B stands for Breathing.
Spontaneous Breathing Trials (SBT) are up next. The respiratory therapist will assess for safety.
- Is patient a long-term/ventilator-dependent patient?
- Is patient’s pulse oximetry reading <88%?
- Is patient’s fraction of inspired oxygen (FIO2) >50%?
- Is patient’s set positive end-expiratory pressure (PEEP) >7 cm H2O?

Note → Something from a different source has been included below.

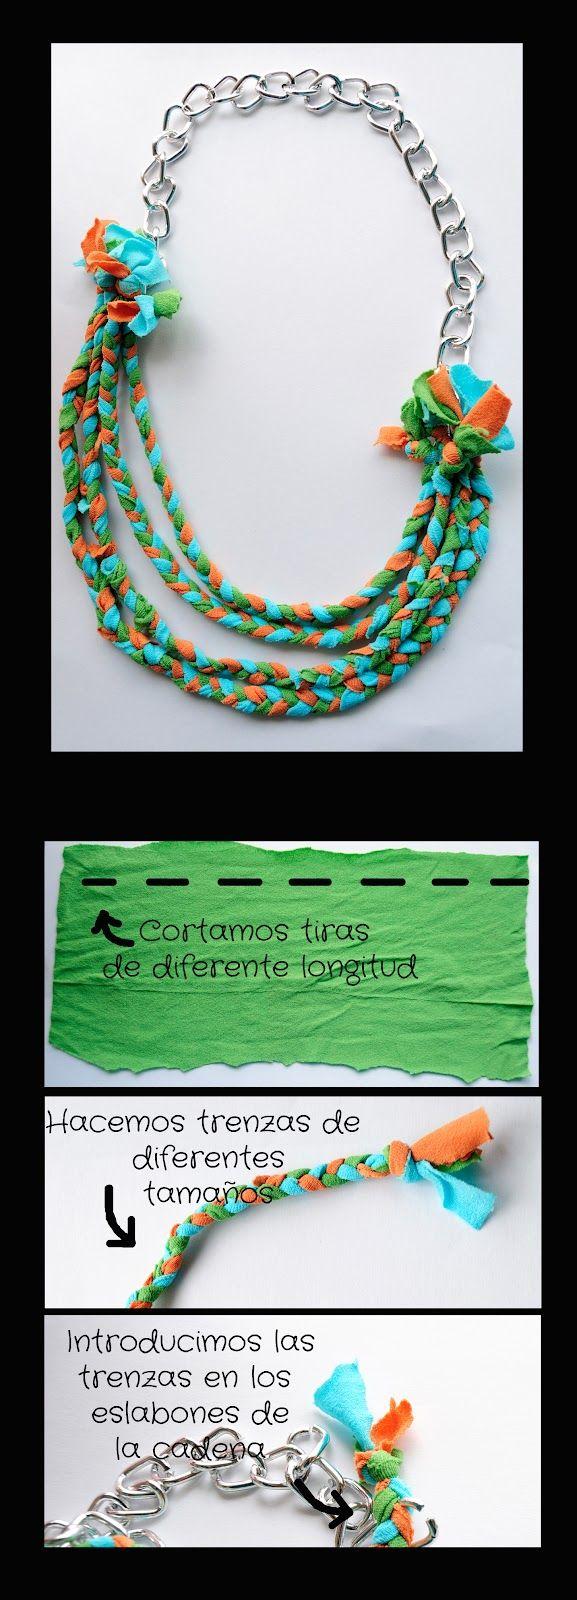 Collar con unas medias de colores | per fer amb nens | Pinterest ...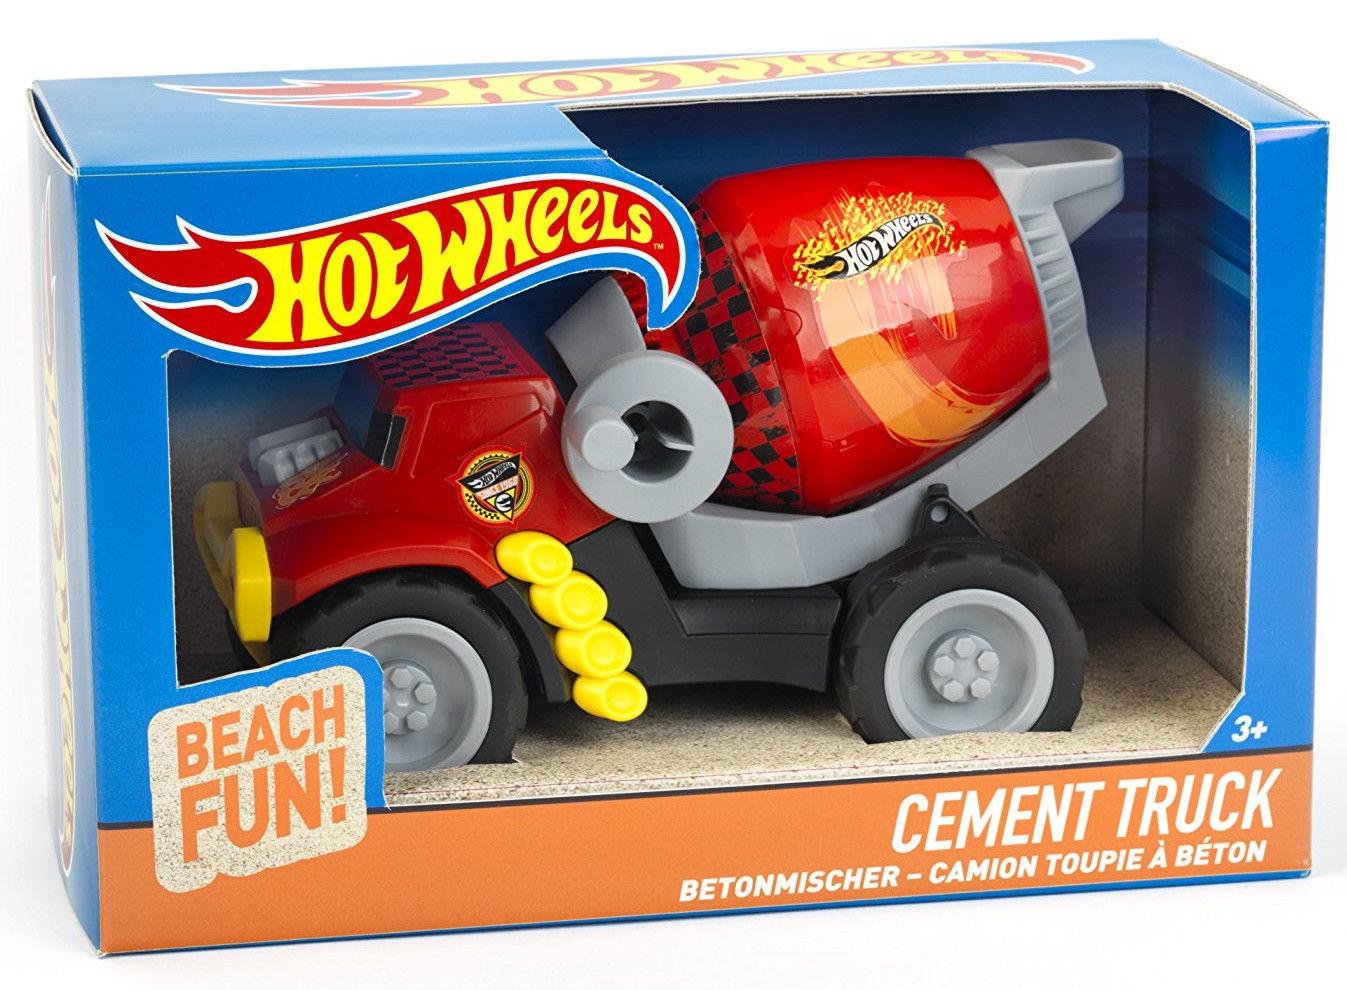 22017b247aa Klein Hot Wheels Cement Truck 2447 - Krauta.ee

- Is there documentation of myocardial ischemia in the past 24 hours?
- Is patient’s ICP >20 mm Hg?
- Is patient receiving mechanical ventilation in an attempt to control ICP?
- Is the patient currently taking vasopressor medications?
- Does the patient lack inspiratory effort?
If the answer is yes to any of the above, then it may not be safe to perform the SBT. If the answer is no to all of the above, then the SBT is performed. However, if any of the below occurs indicating signs of failure, then stop.
- Respiratory rate >35 breaths per minute for 5 minutes or longer
- Respiratory rate <8/min
- Pulse oximetry reading of <88% for 5 minutes or longer
- ICP >20 mm Hg
- 2 or more of the following symptoms of respiratory distress
- Use of accessory muscles
- Abdominal paradox
- Diaphoresis
- Dyspnea
- Abrupt changes in mental status
- Acute cardiac arrhythmia
And of course, who is watching for these symptoms? The registered nurses.
C stands for Coordination.
This refers to the coordination mostly between the respiratory therapist and the nurse, although the discussion during the interdisciplinary team will also play a part.
D stands for Delirium.
THINK about the causes, use the RASS score every 4 hours and the CAM-ICU score every shift.
E stands for Early Mobility.
What I’m interested in is the minimum criteria for early mobility protocol.
However, if there’s any patient distress, then it’s time to stop. Below are the criteria for stopping early mobility.
It’s hard to start something new as an individual as it requires a cultural change and the healthcare team to be behind it.